I always grab mane, reach for the highes point on the horse's back (usually the withers) and jump. Once you are almost on, do a push up and swing your leg over the horse's back.


----------



## stace1319 (May 20, 2009)

yeah, I just lately start trying to get on bareback without any help so I know I still have alot to work on. Thanks for the advise. I'll have to try it tomarrow while I'm out there. Poor Riley is probably getting annoyed with me jumping on him all the time now, lol.


----------



## LoveTheSaddlebreds (Jul 9, 2009)

yeah, make sure you dont slam on him too much or he might start biting you or walking away...


----------



## tempest (Jan 26, 2009)

Or get a step stool and do it that way.


----------



## Tennessee (Dec 7, 2008)

Heheh.
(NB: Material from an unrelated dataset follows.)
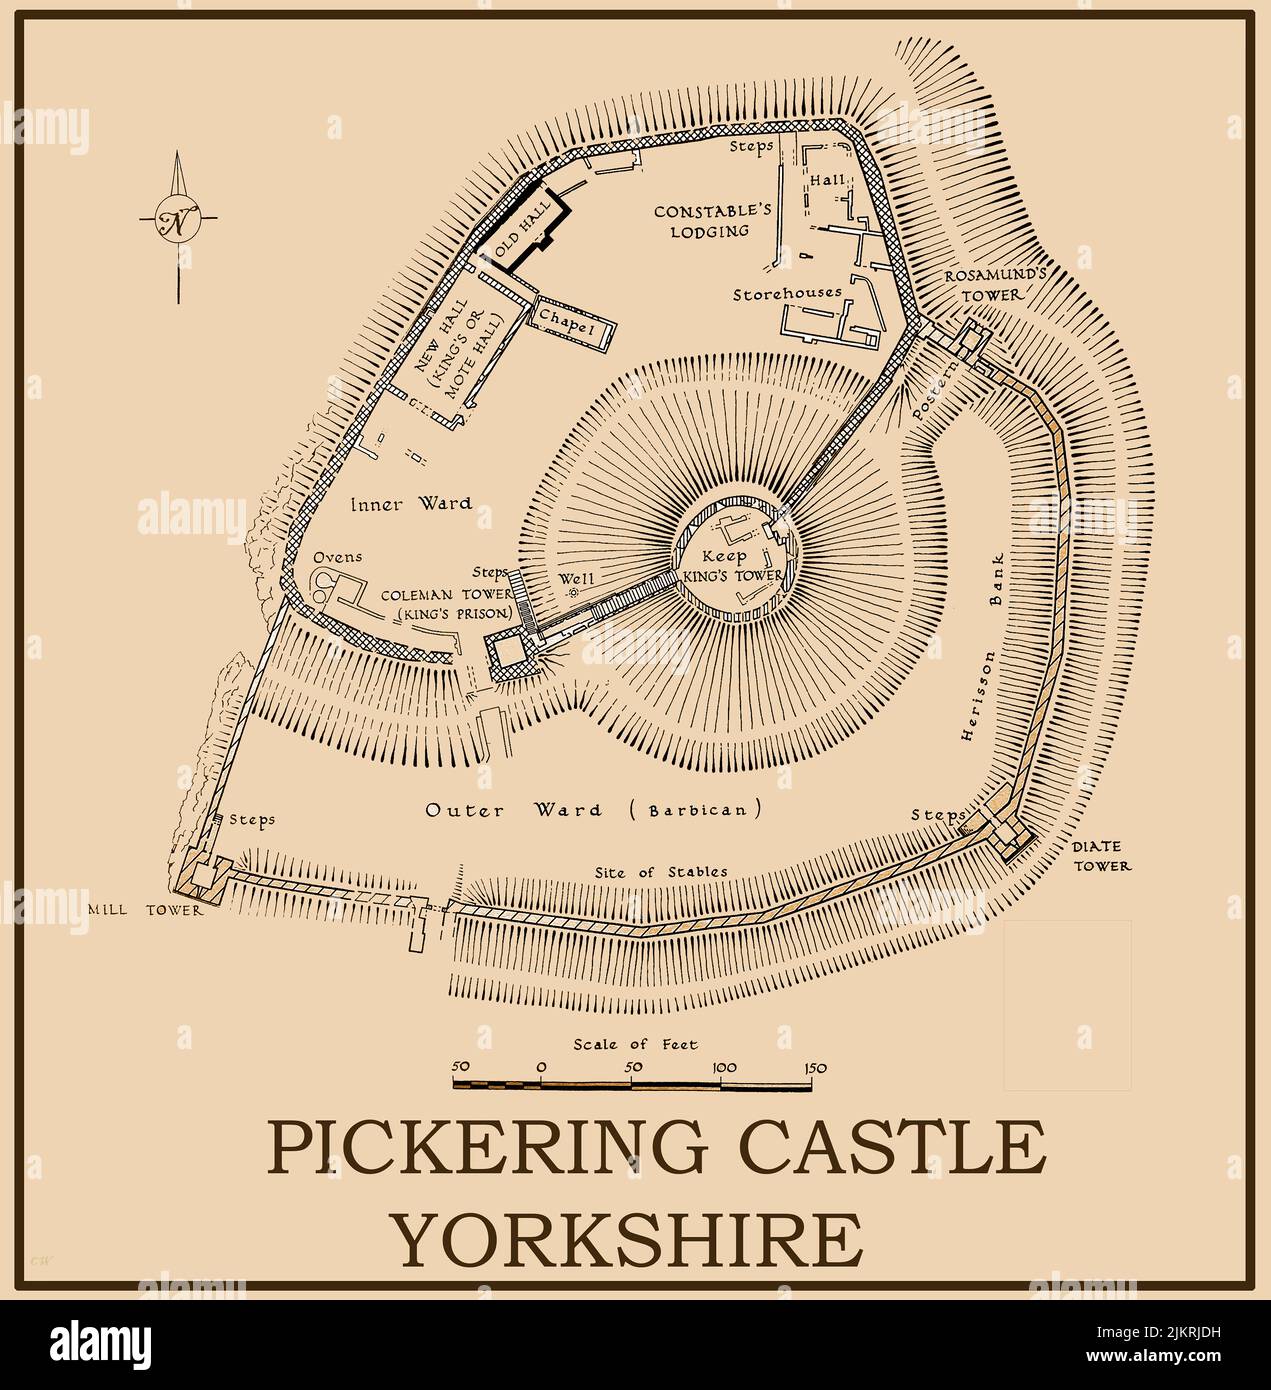 Un mapa o plan vintage de Pickering Castle, Yorkshire, Reino Unido. La fortificación de motte-y-bailey fue precedida por una madera del siglo 12th y la tierra motte construido por los normandos bajo Guillermo el Conquistador . Las fortificaciones de piedra datan del siglo 13th. Fue construido para mantener el control de la zona después de la captura del Norte. Foto de stock
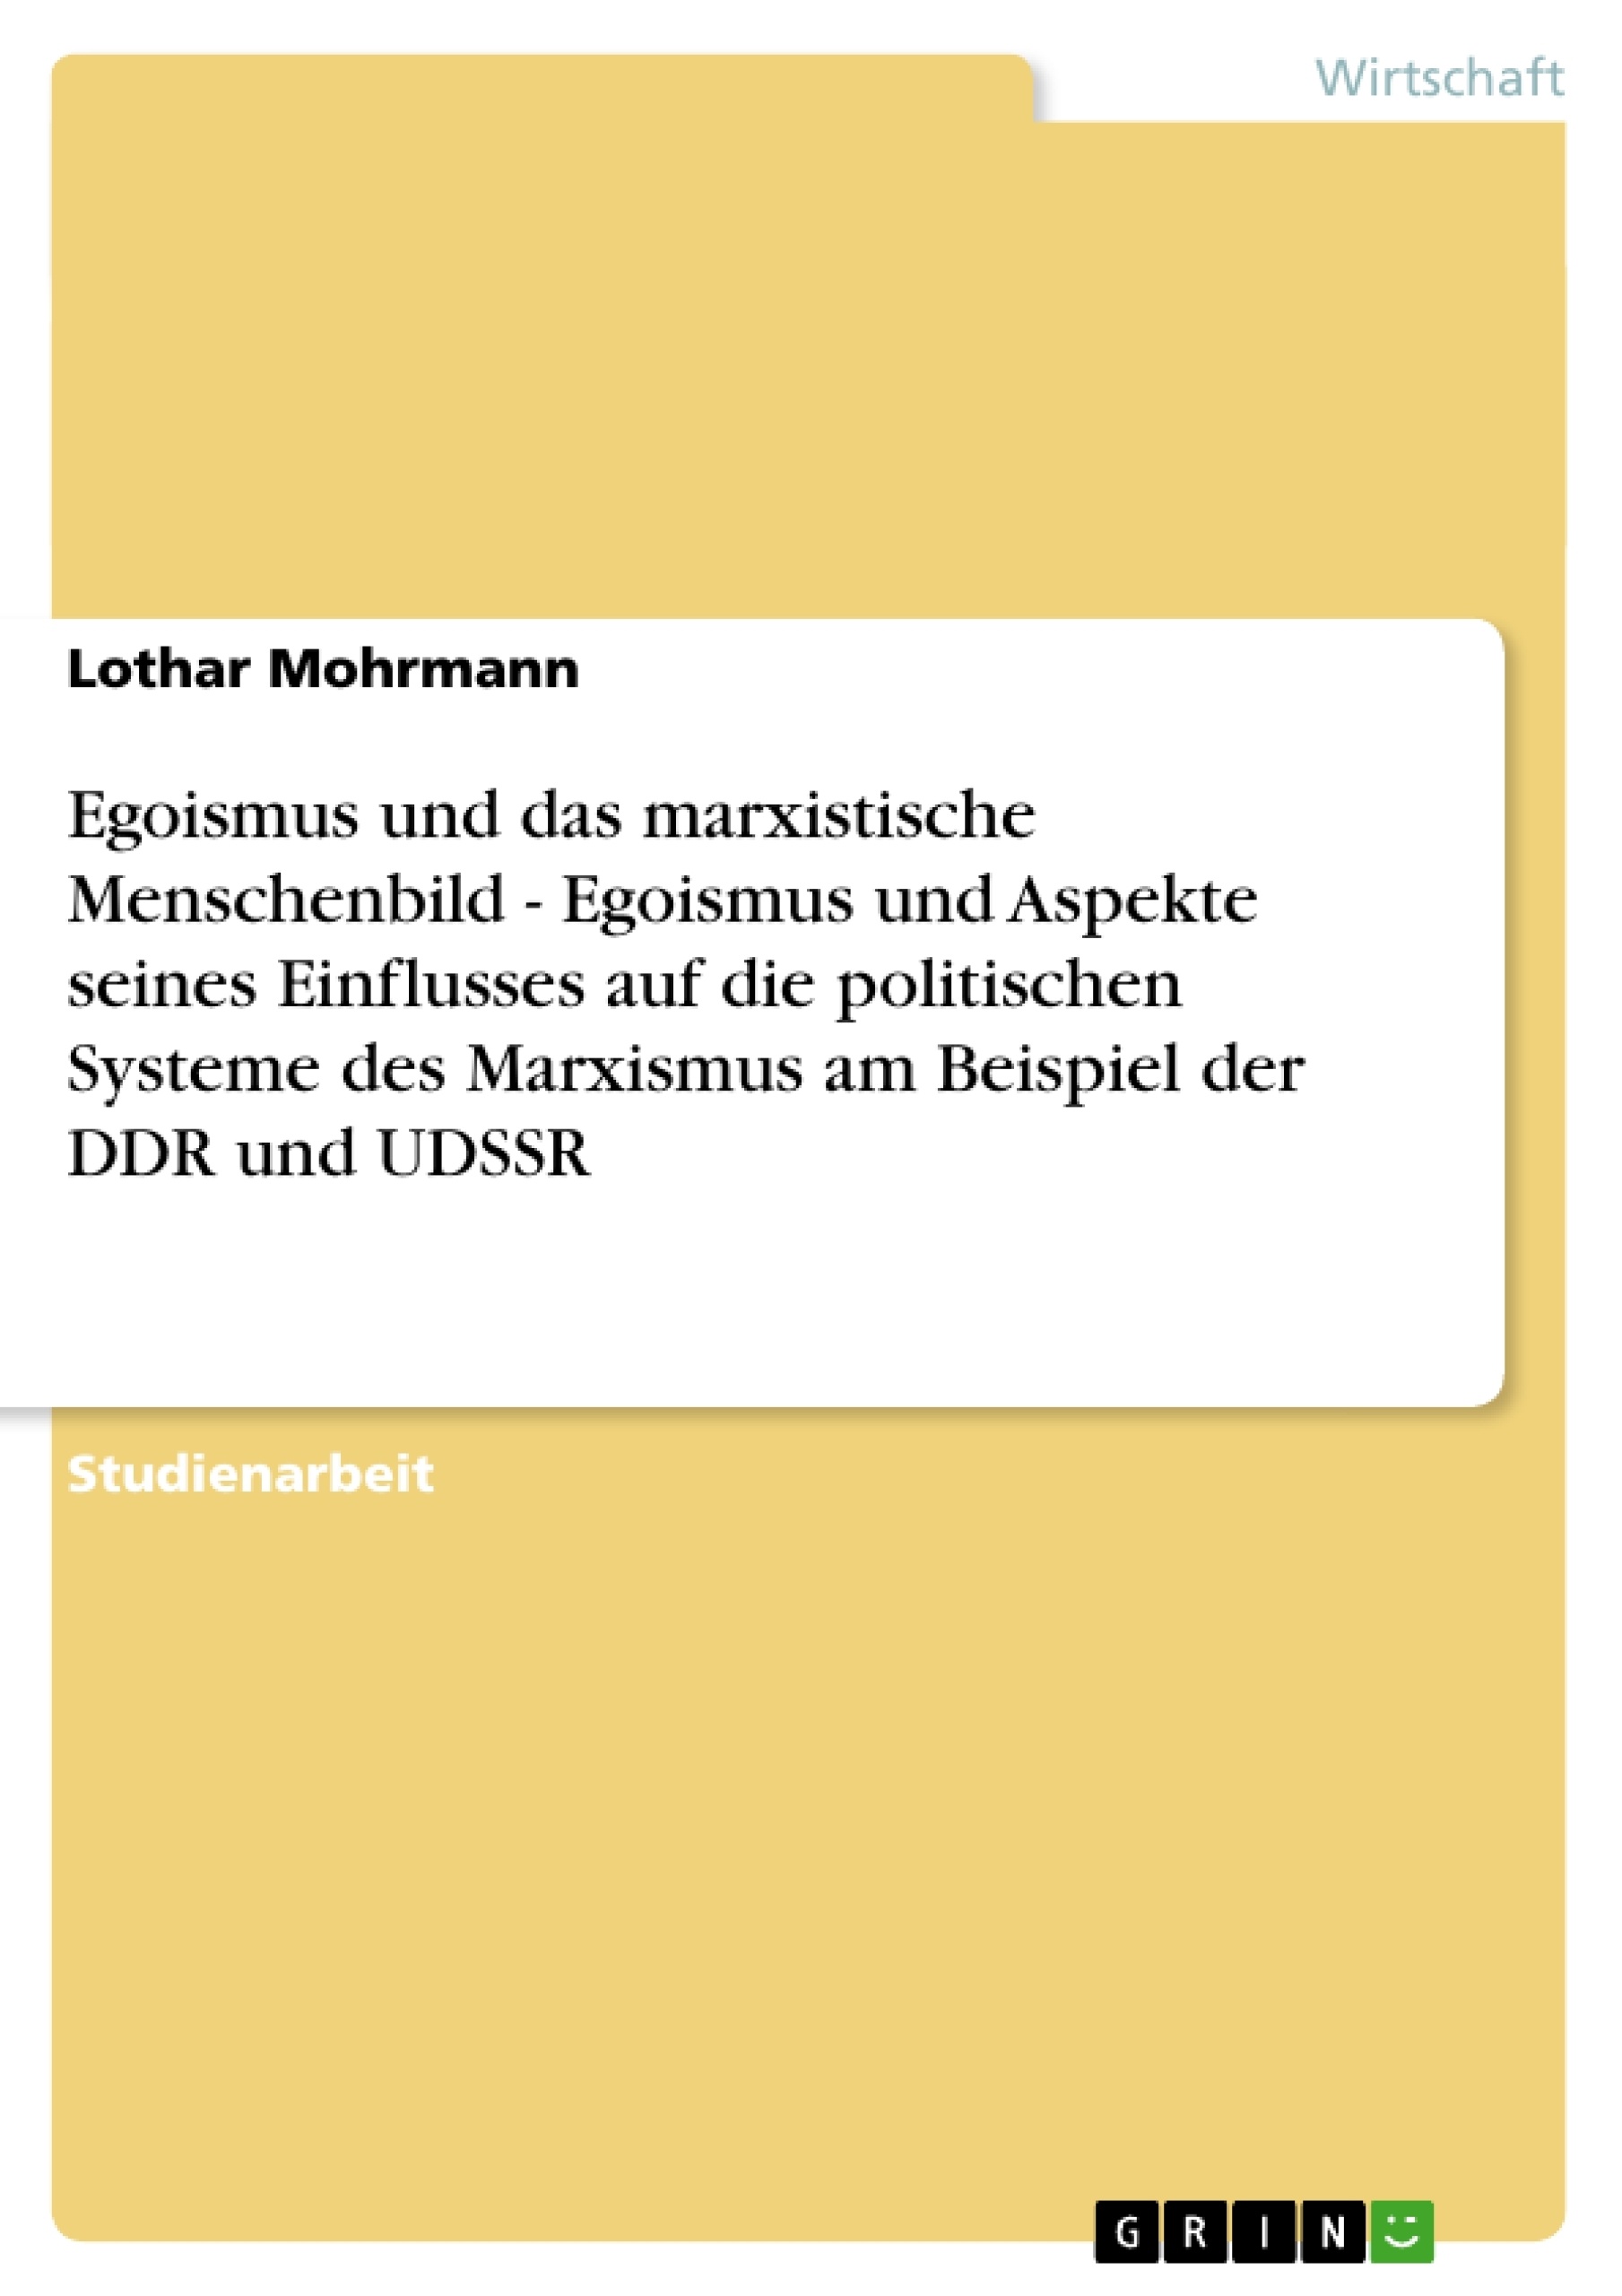 Titel: Egoismus und das marxistische Menschenbild - Egoismus und Aspekte seines Einflusses auf die politischen Systeme des Marxismus am Beispiel der DDR und UDSSR

Riley is a rather big fella. I can get on so easily because the two horses I ride are less than 15 hands, and we taught my horse Indian to lay down so I can get on him easier.


----------



## dashygirl (Nov 21, 2006)

tempest said:


> Or get a step stool and do it that way.


I use a fence.


----------



## Jessabel (Mar 19, 2009)

That was pretty good. A heck of a lot better than I can do. lol My TB has those high withers and my other one is 17hh. Hehe.


----------